Each non-text ContentItem is routed through the parser, which calls a separate, vision/audio-capable LLM configured independently from the main extraction [llm] — so parsing can target a multimodal endpoint without changing boundary or extraction behaviour. Visual/audio formats (image / pdf / audio / office) always go through that LLM; a few text-bearing formats (e.g. a plain email with no inline images) can be parsed without it. The parser returns text that takes the place of the asset in the message buffer — nothing downstream knows or cares that the content originated as an image or PDF. The raw bytes are not persisted past extraction — only the parsed text is stored.

Prerequisites

Install the multimodal extra

Multimodal parsing lives behind an optional dependency group so the base install stays lean:

pip install 'everos[multimodal]'
# or with uv:
uv pip install 'everos[multimodal]'

This pulls in everalgo-parser[svg] — the [svg] bundle adds cairosvg so SVG works out of the box.

Install LibreOffice (office documents only)

Office formats (.doc / .docx / .ppt / .pptx / .xls / .xlsx) are converted to PDF before being fed to the multimodal LLM. LibreOffice must be present on the server host:

brew install --cask libreoffice          # macOS
sudo apt-get install -y libreoffice      # Debian / Ubuntu

Without LibreOffice, office uploads return 503 (CAPABILITY_UNAVAILABLE). Image, PDF, audio, HTML, and email parsing are unaffected.

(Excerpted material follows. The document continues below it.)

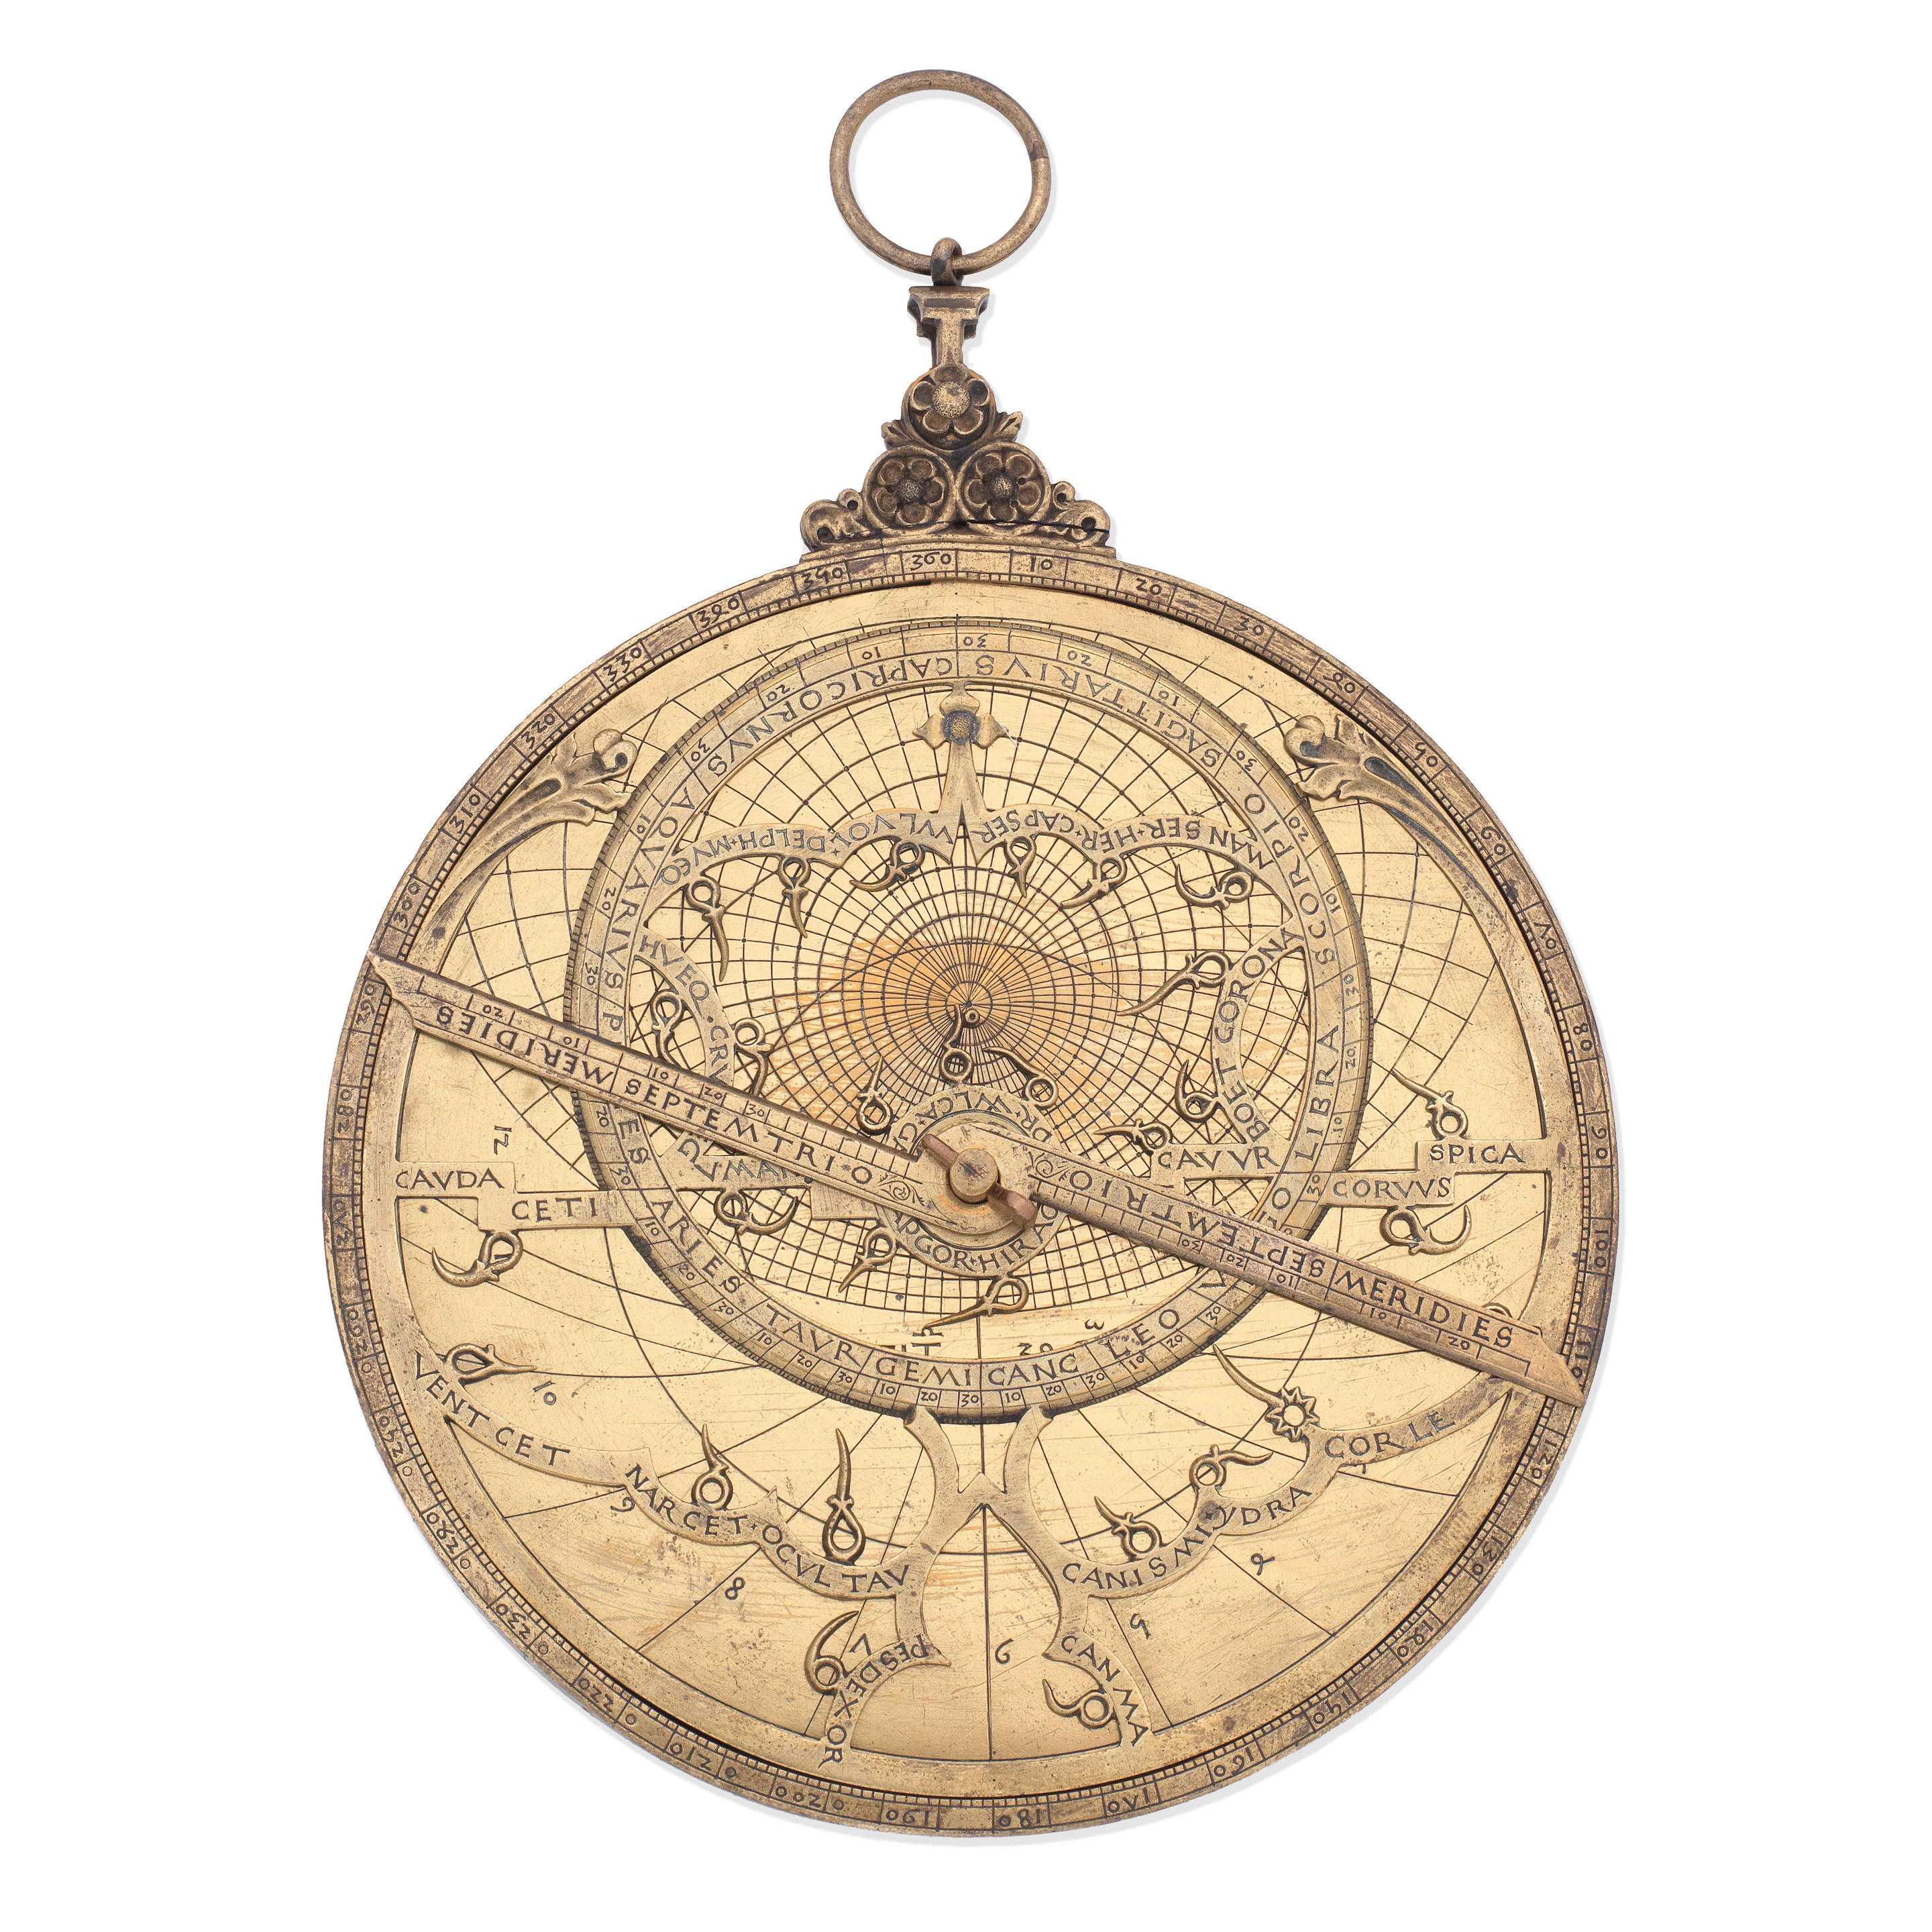 15th-century astrolabe, which sold for £400,000 ($638,645 with buyer's premium) at Bonhams.

Configure the multimodal LLM

The parser uses its own LLM section, independent from [llm]. The model must accept OpenAI image_url parts. everos init writes these into the generated .env:

EVEROS_MULTIMODAL__MODEL=google/gemini-3-flash-preview
EVEROS_MULTIMODAL__API_KEY=<your key>
EVEROS_MULTIMODAL__BASE_URL=https://openrouter.ai/api/v1

The default targets Gemini via OpenRouter so a single key covers both chat extraction and multimodal parsing.

Supported Content Types

`type`	Typical formats	Payload	Notes
`text`	—	`text`	Plain text; a bare string `content` also maps here
`image`	PNG / JPG / GIF / WebP / SVG	`uri` or `base64`	SVG via bundled `cairosvg`
`pdf`	PDF	`uri` or `base64`	—
`audio`	MP3 / WAV / …	`uri` or `base64`	Endpoint must accept audio parts
`doc`	DOC / DOCX / PPT / PPTX / XLS / XLSX	`uri` or `base64`	Requires LibreOffice
`html`	HTML	`uri` or `base64`	To send HTML as plain text instead, use `type: "text"`
`email`	EML / MSG	`uri` or `base64`	—

A non-text item must carry either uri or base64 — a non-text item with only a text field returns 415.

Sending Multimodal Content

Switch the content field from a plain string to an array of typed ContentItem objects:

Field	Purpose
`type`	One of the modalities above
`text`	Literal text — only for `type: "text"`
`uri`	`http(s)://` (fetched server-side) or `file://` (read from server filesystem)
`base64`	Inline payload, plain base64 (no `data:` prefix)
`ext`	Extension hint (`"pdf"`, `"png"`, …); effectively required for `base64` payloads
`name`	Display filename for logs

	`uri` (`http(s)://`)	`base64`
Where the bytes live	Fetched transiently at parse time	Held verbatim in the SQLite session buffer until flush
Wire size	URL only	~4/3× the raw size (base64 inflation)
Best for	Large assets, S3/OSS presigned URLs	Small assets, or when no reachable URL exists

Prefer uri for anything large. A multi-MB base64 blob becomes multi-MB of SQLite buffer text for the buffer’s lifetime and slows request parsing. The bytes are never persisted past extraction either way — only the parsed text is.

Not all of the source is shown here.